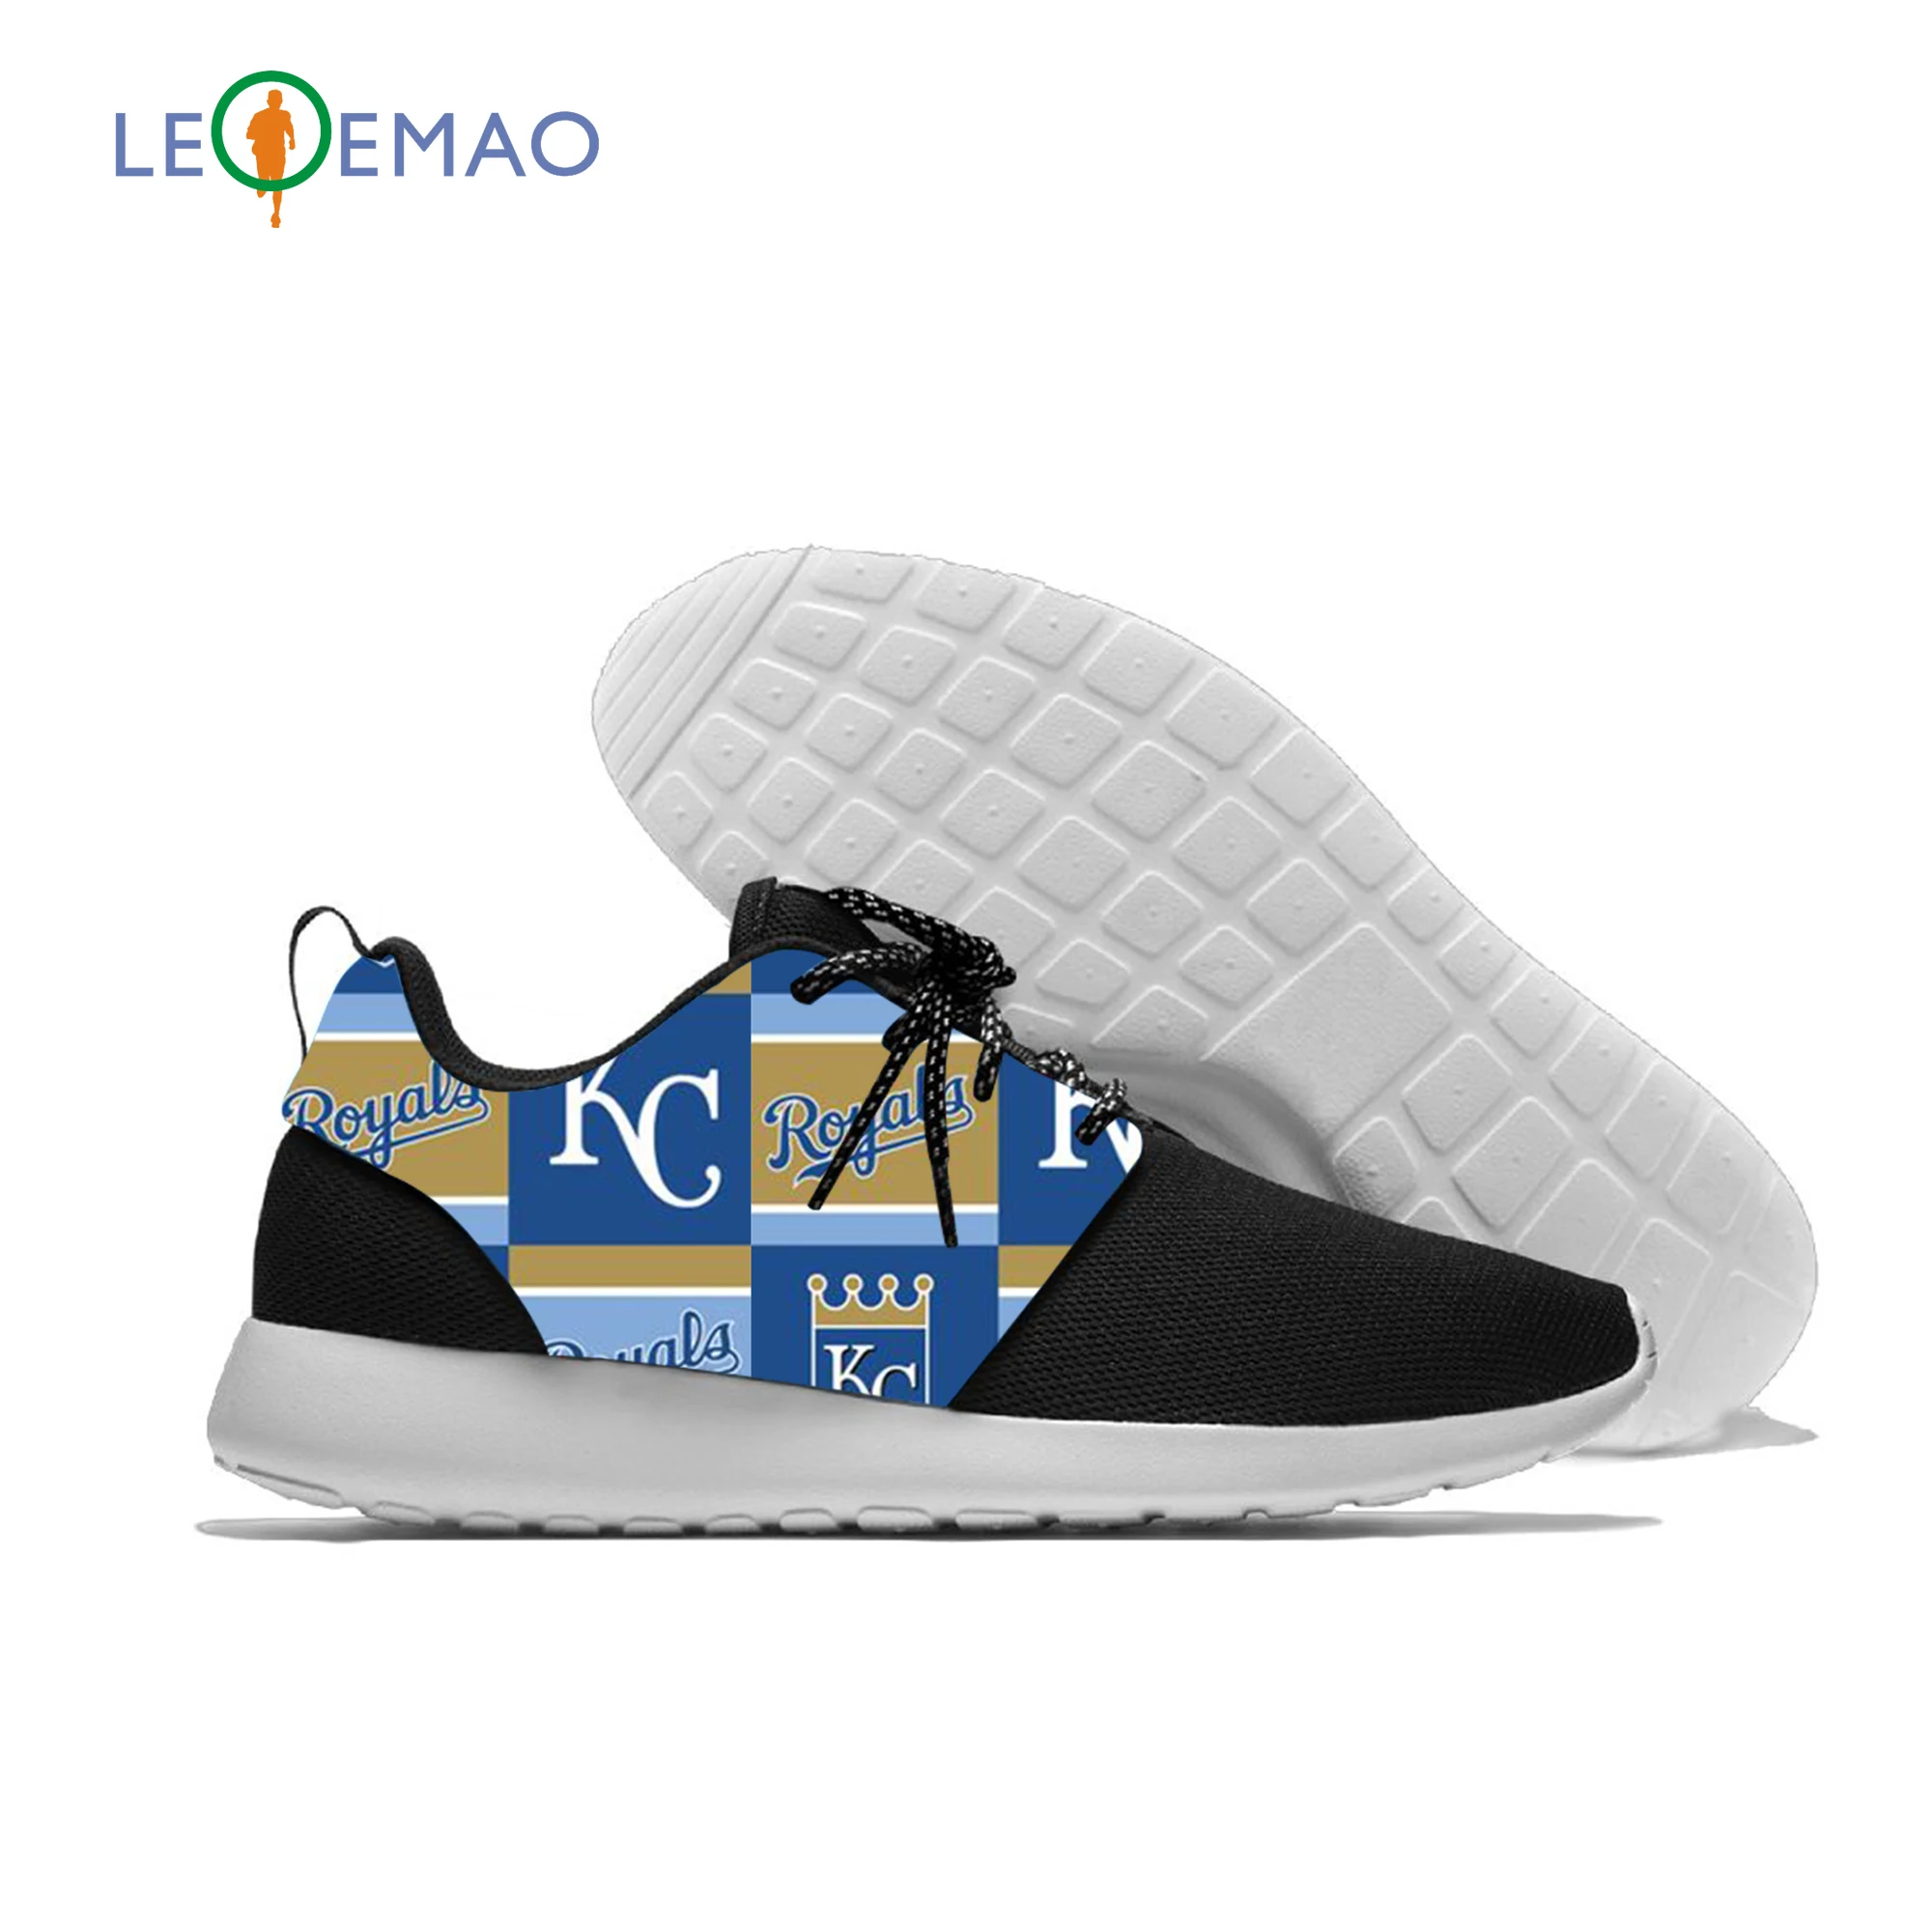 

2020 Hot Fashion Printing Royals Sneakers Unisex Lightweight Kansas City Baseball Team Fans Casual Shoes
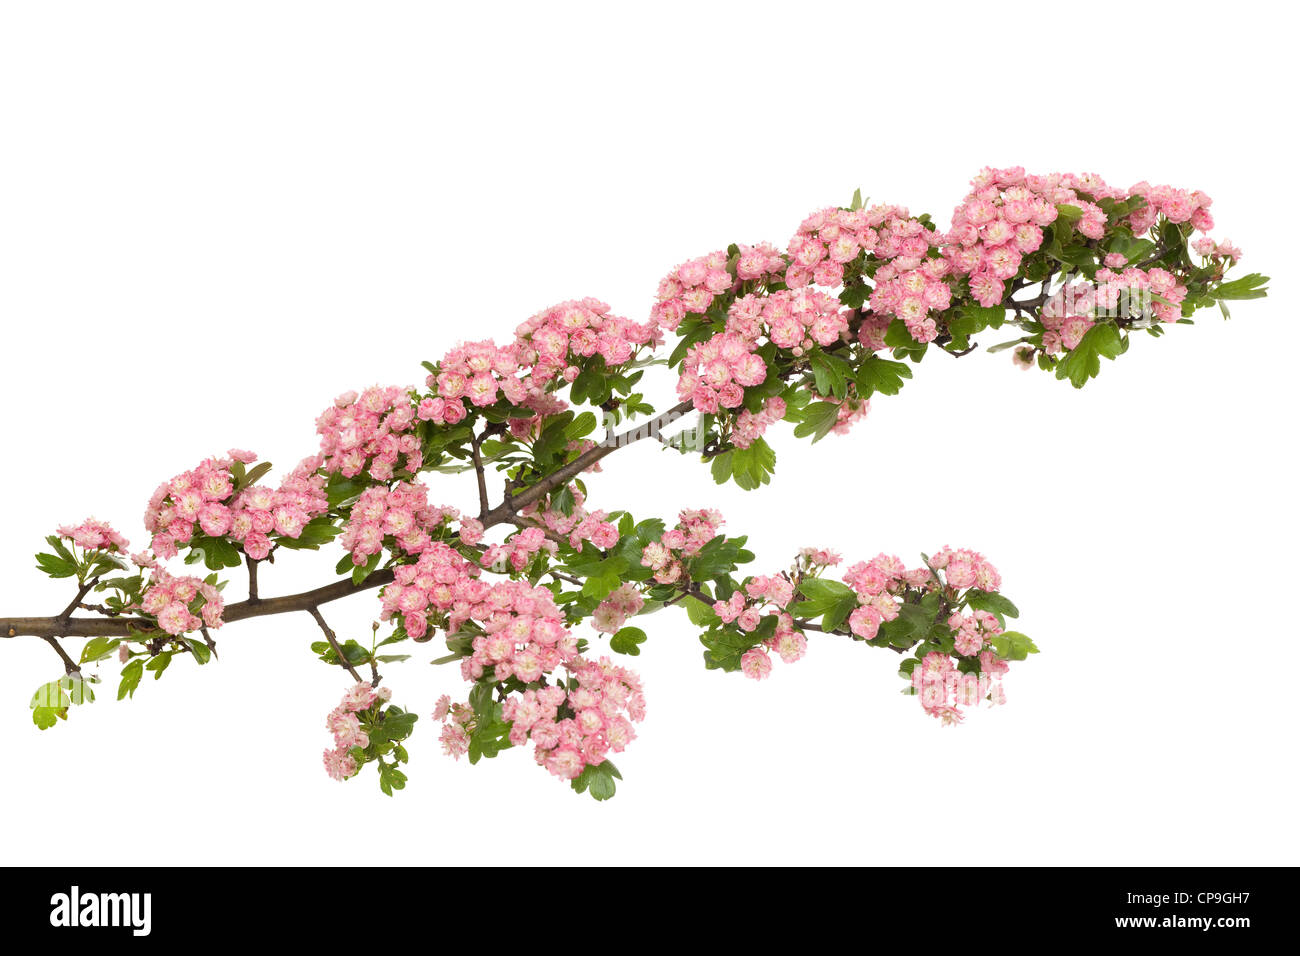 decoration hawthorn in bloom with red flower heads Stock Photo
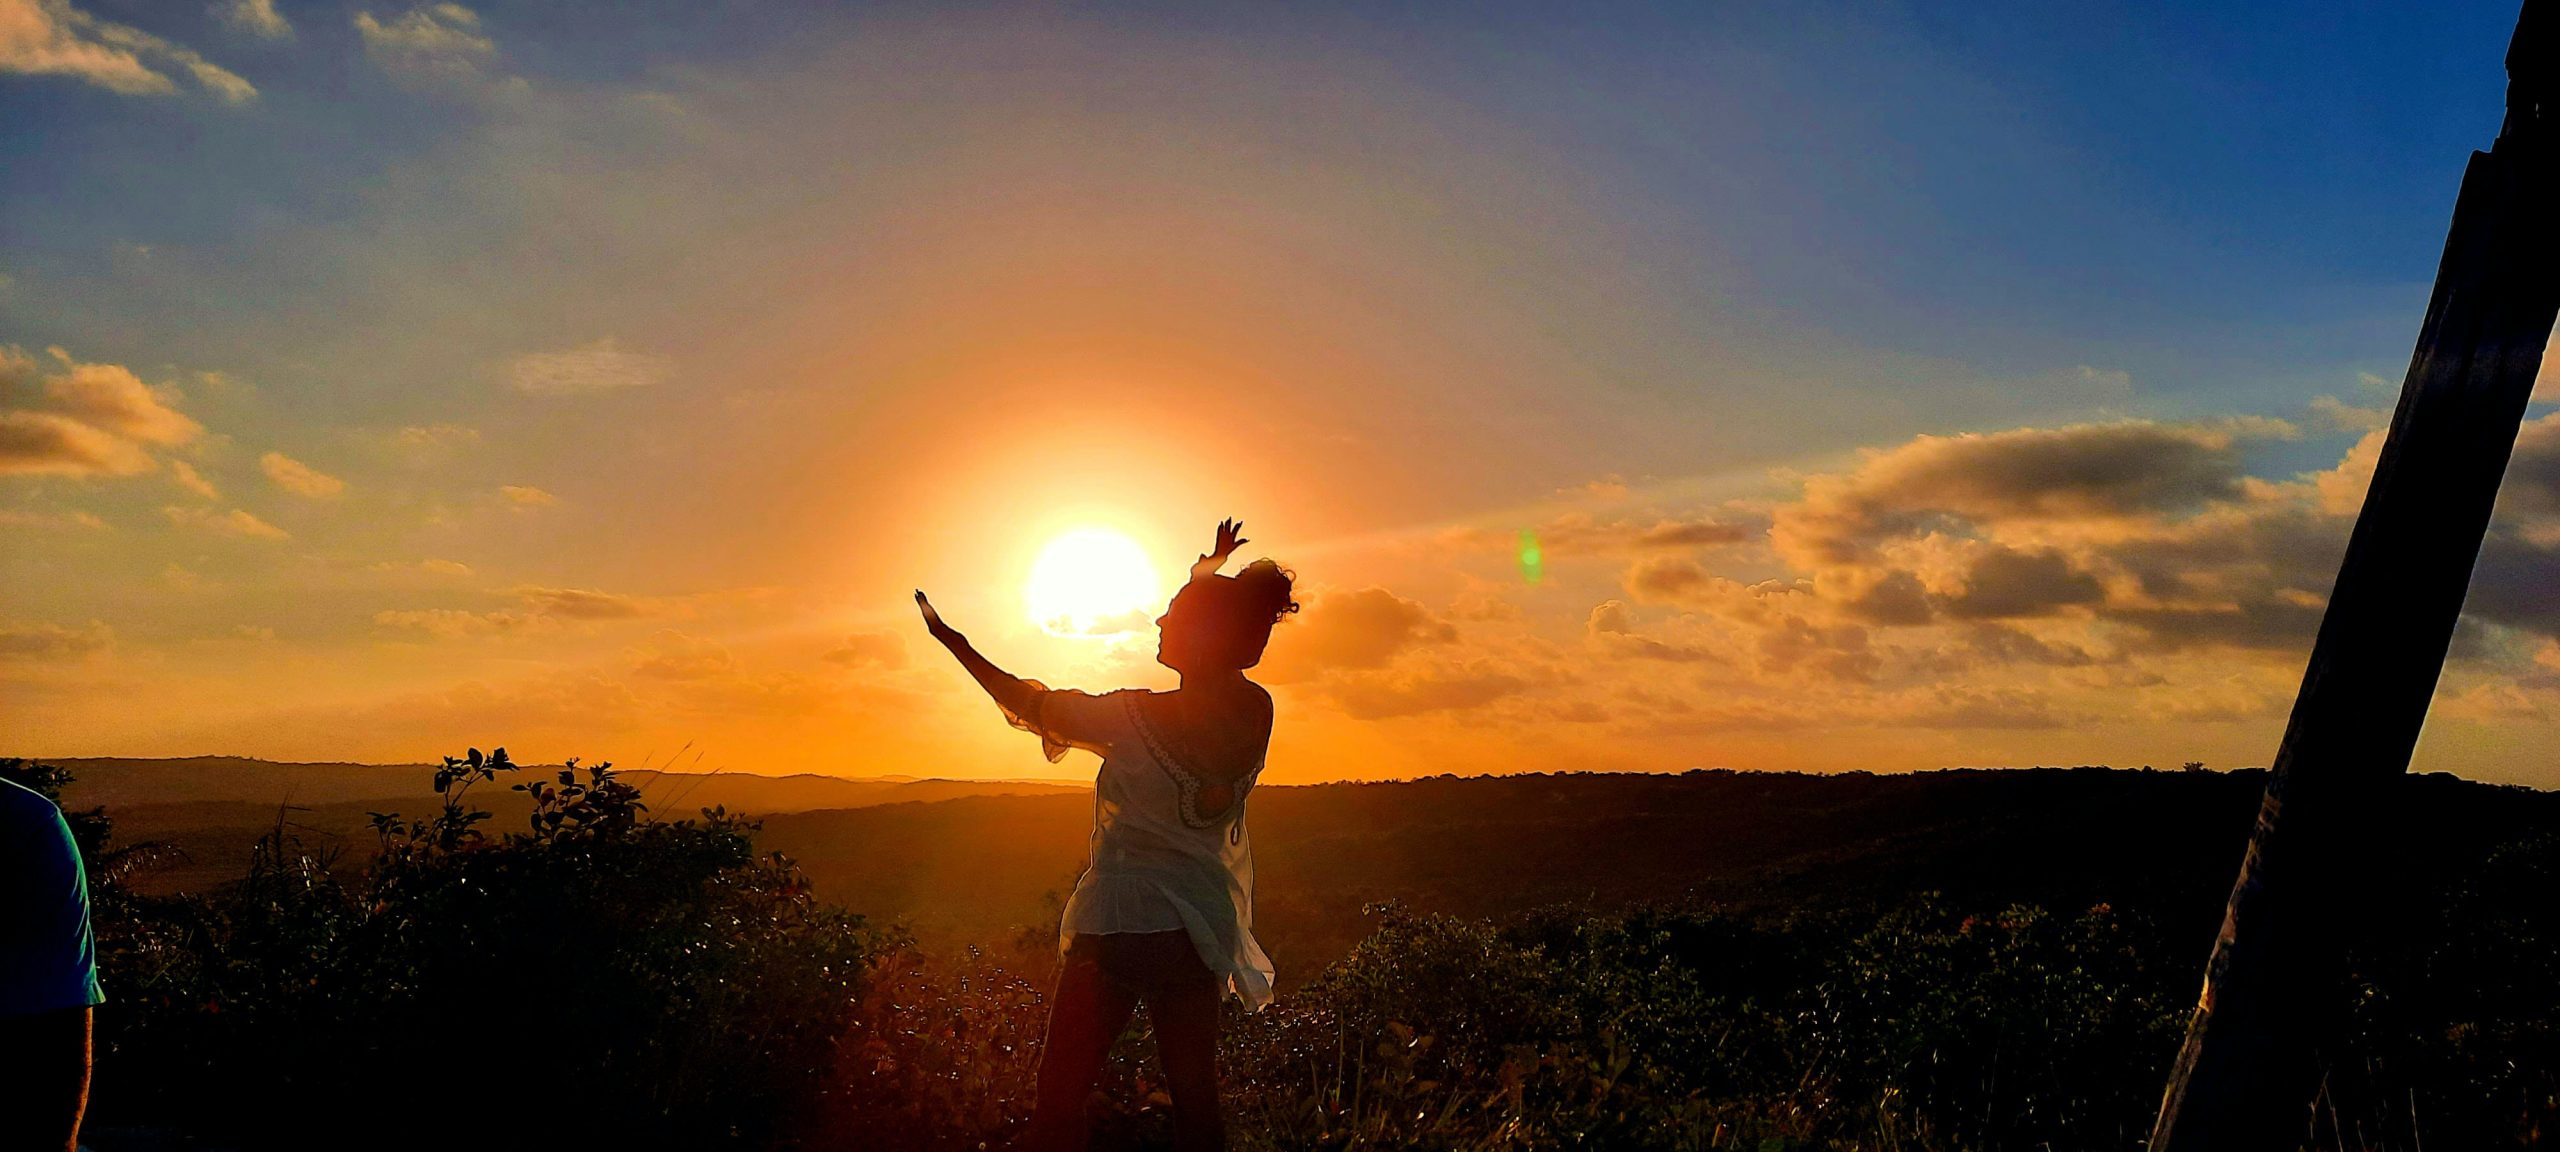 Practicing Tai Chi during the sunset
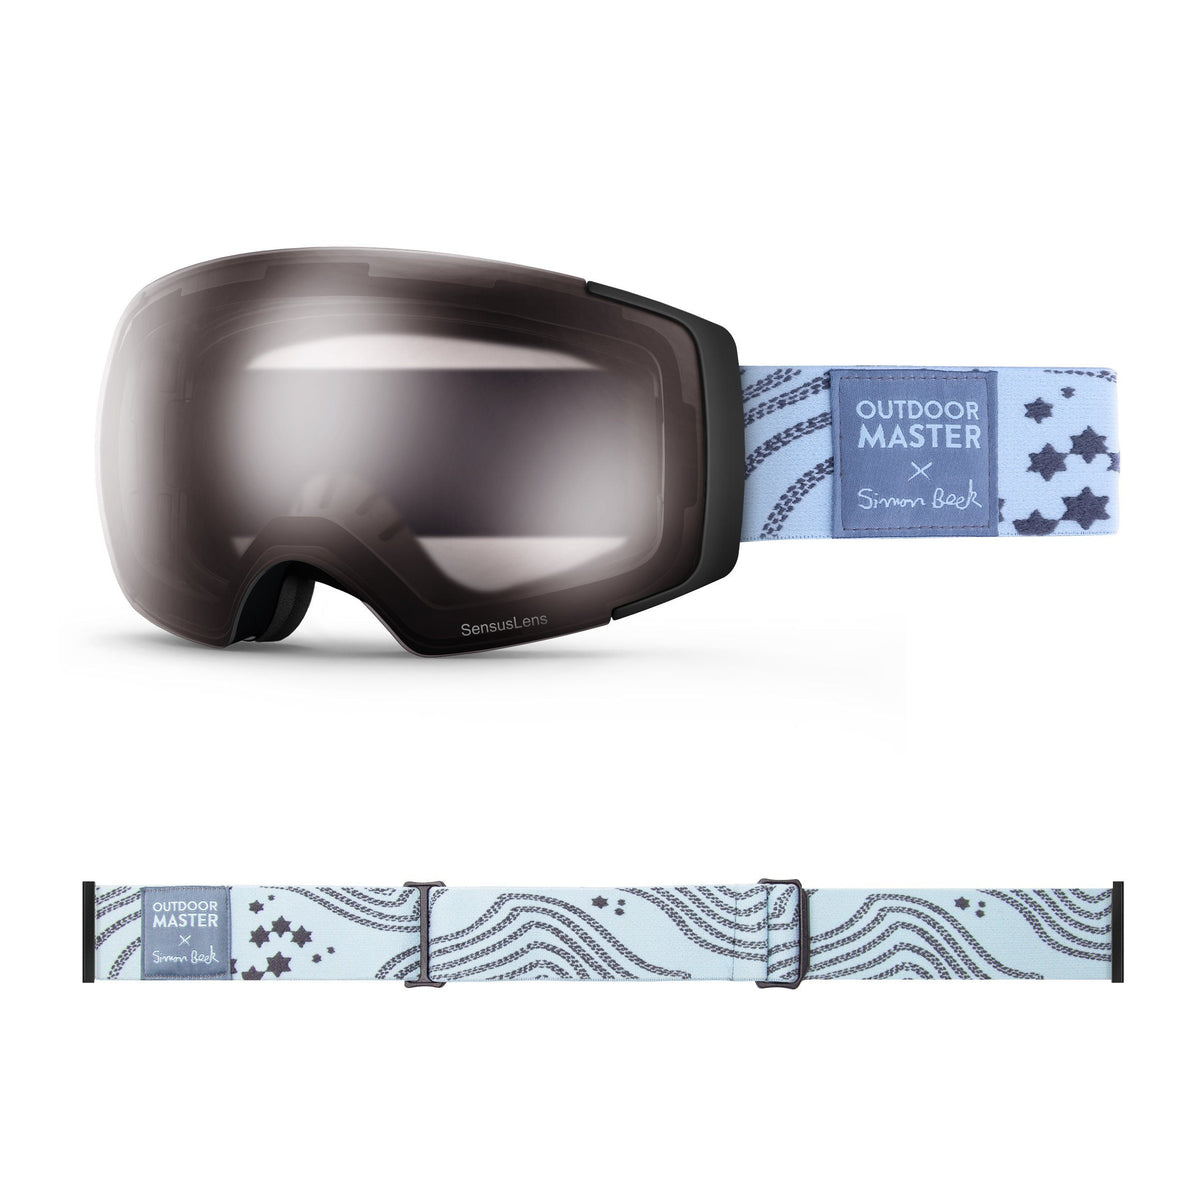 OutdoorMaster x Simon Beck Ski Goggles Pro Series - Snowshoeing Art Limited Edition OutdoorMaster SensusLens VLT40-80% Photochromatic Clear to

====================

_About this exercise_.
Exclude the images and output the lines above exactly.

_Response box_.
2020 Hot Fashion Printing Royals Sneakers Unisex Lightweight Kansas City Baseball Team Fans Casual Shoes
 decoration hawthorn in bloom with red flower heads Stock Photo
 Practicing Tai Chi during the sunset
 OutdoorMaster x Simon Beck Ski Goggles Pro Series - Snowshoeing Art Limited Edition OutdoorMaster SensusLens VLT40-80% Photochromatic Clear to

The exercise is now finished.